Switchboard-2 Phase I


Item Name: Switchboard-2 Phase I
Authors: David Graff, Alexandra Canavan, and George Zipperlen
LDC Catalog No.: LDC98S75
ISBN: 1-58563-138-8
Data Type: speech
Sample Rate: 8000 Hz
Sampling Format: 2-channel ulaw
Data Source(s): telephone conversations
Project(s): EARS, GALE, SID
Application(s): speaker identification
Language(s): English
Language ID(s): eng
Distribution: 4 DVD
Member fee: $0 for 1998 members
Non-member Fee: US $7500.00
Reduced-License Fee: US $3750.00
Extra-Copy Fee: US $800.00
Online documentation: yes
Licensing Instructions: Subscription & Standard Members, and Non-Members
Citation: David Graff, Alexandra Canavan, and George Zipperlen
1998
Switchboard-2 Phase I
Linguistic Data Consortium, Philadelphia

Introduction

Switchboard-2 Phase I consists of 3,638 5-minute telephone conversations involving 657 participants. This corpus was collected by the Linguistic Data Consortium (LDC), in support of a project on Speaker Recognition sponsored by the U.S. Department of Defense. This release consists of speech files only; these calls were not transcribed.

Data

Speakers were solicited by the LDC to participate in this telephone speech collection effort via the internet, publications (advertisements) and personal contacts.
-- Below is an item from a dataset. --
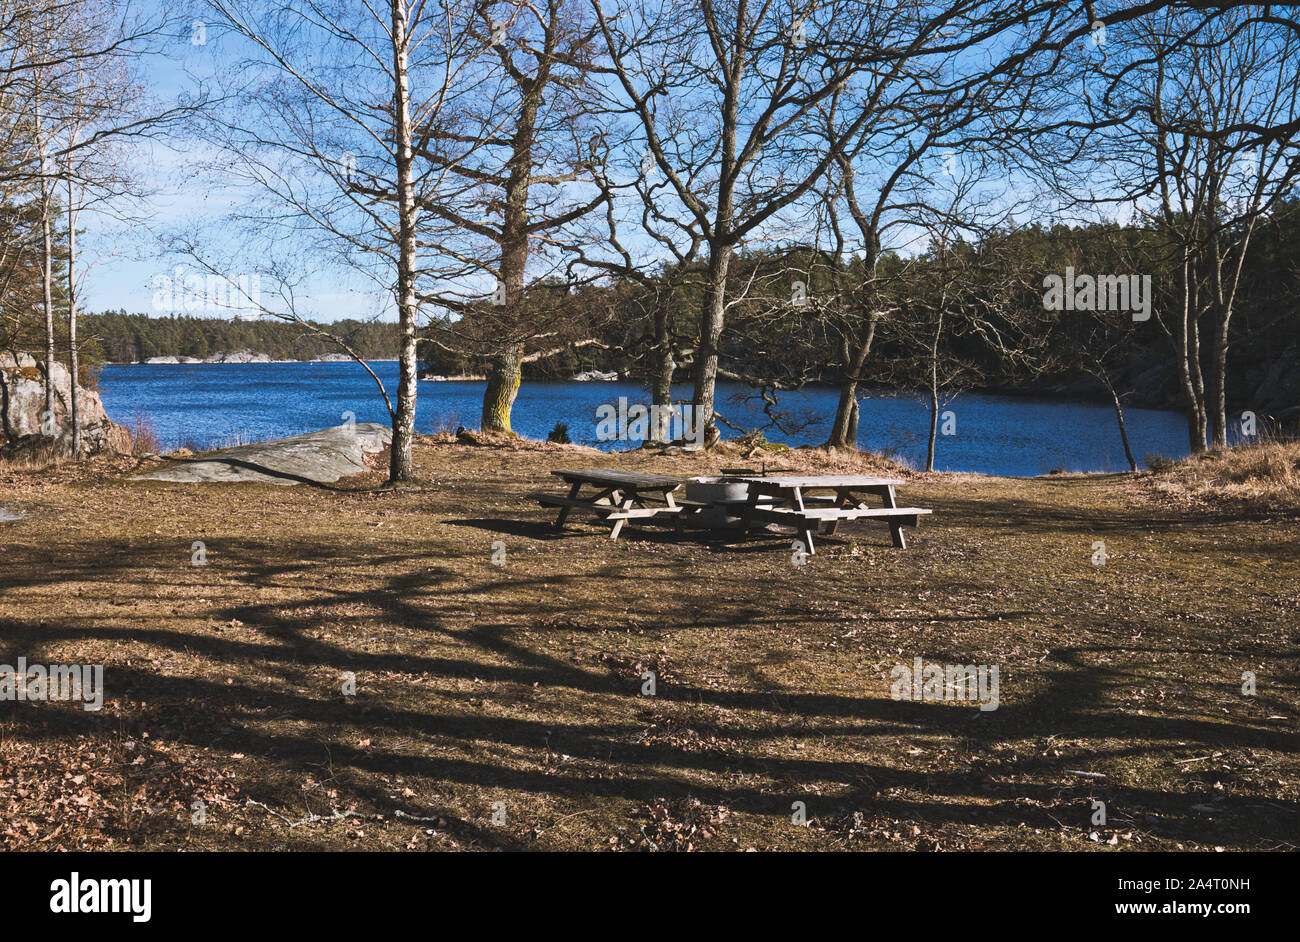 Table de pique-nique extérieure en bois par lac, Réserve naturelle de Bjorno (Bjorno Naturareservat), archipel de Stockholm, Suède Banque D'Images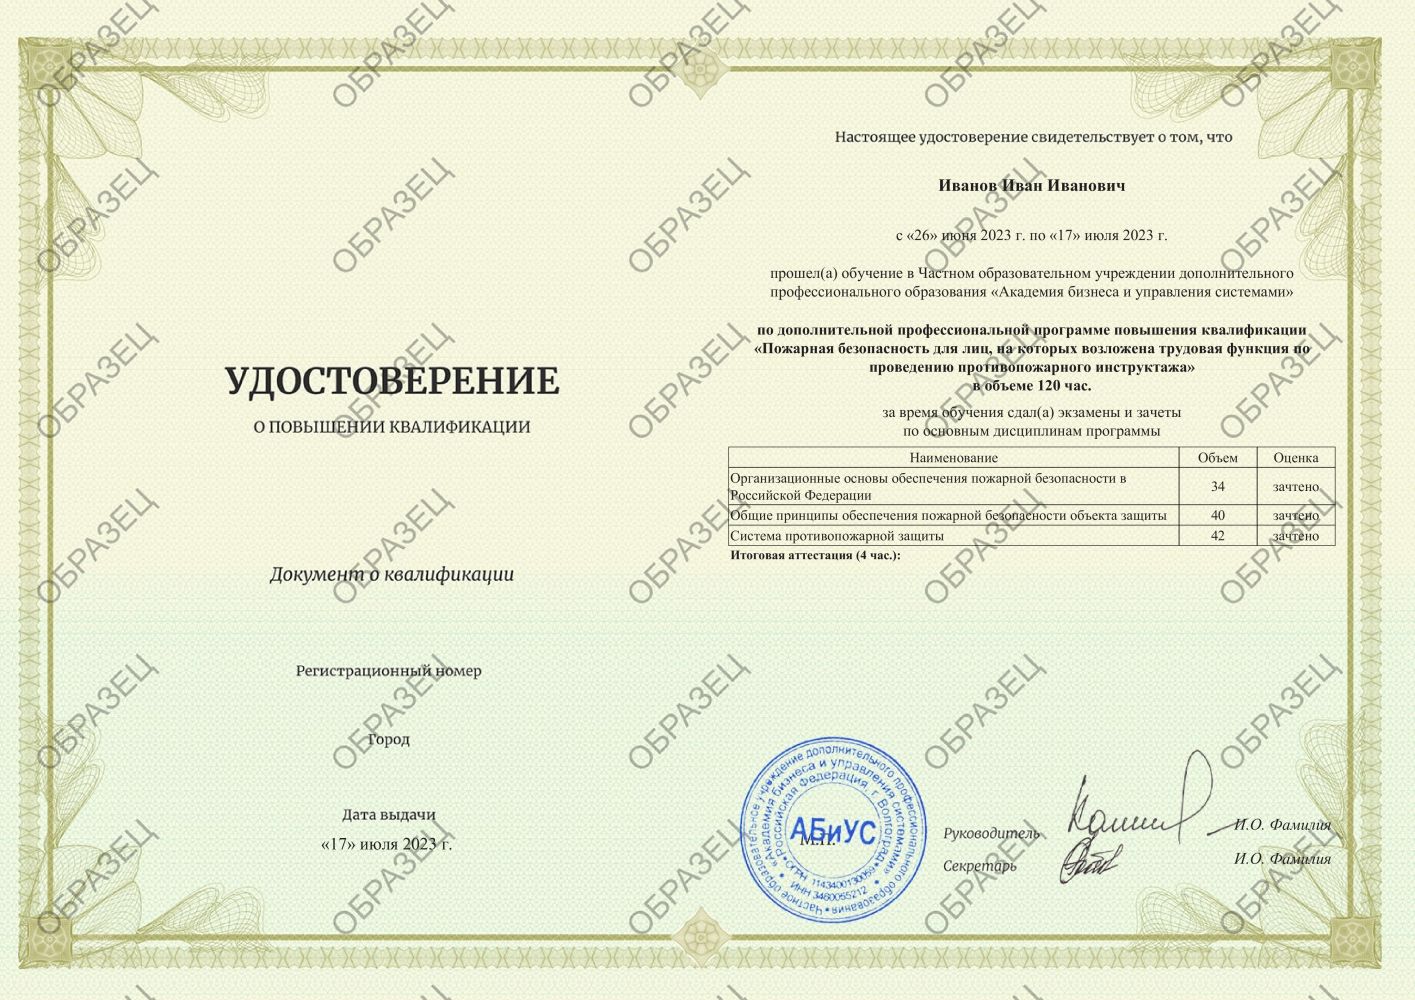 Удостоверение Пожарная безопасность для лиц, на которых возложена трудовая функция по проведению противопожарного инструктажа 120 часов 4688 руб.

Potential participants responded from all areas of the United States, although the majority of the subjects were from the Mid-Atlantic area: (PA=303), (NJ=116), (NY=53), (DE=13), (CT=12), (MD=14), (OH=13) and (MA=8). Most of the participants in SWB-2 Phase I were college students from the following universities: Penn State University, University of Delaware, University of Pennsylvania, Drexel University and Rutgers University. Of the 657 participants, 358 were female and 299 were male. An LDC recruiter asked all participants for the following demographic information: age, sex, years of completed education, country of birth, city and state where raised.

Each recruit was asked to participate in at least ten five-minute phone calls. Ideally each participant would receive five calls at a designated number and make five calls from phones with different telephone numbers (ANI codes). The average subject participated in 11 conversations; however, one gentleman participated in 64 calls. A suggested topic of discussion was given (read by the automated operator), although participants could chat about whatever they preferred.

Each of the 657 participants placed their calls via a toll-free robot operator maintained by the LDC. Access to the robot operator was possible via a unique Personal Identification Number (PIN) issued by the recruiting staff at the LDC when the caller enrolled in the project.

Upon conclusion of the study all calls were audited by LDC staff members. Particular attention was paid to PIN verification (matching speaker with PIN), checking call duration and call quality. Upon completion of this process checks were issued and mailed to participants.

Updates

09/29/2011: Added a file list, available through online docs, to reflect it's release on DVD. Also, an updated readme reflecting these changes.

Copyright

Portions 1998 Trustees of the University of Pennsylvania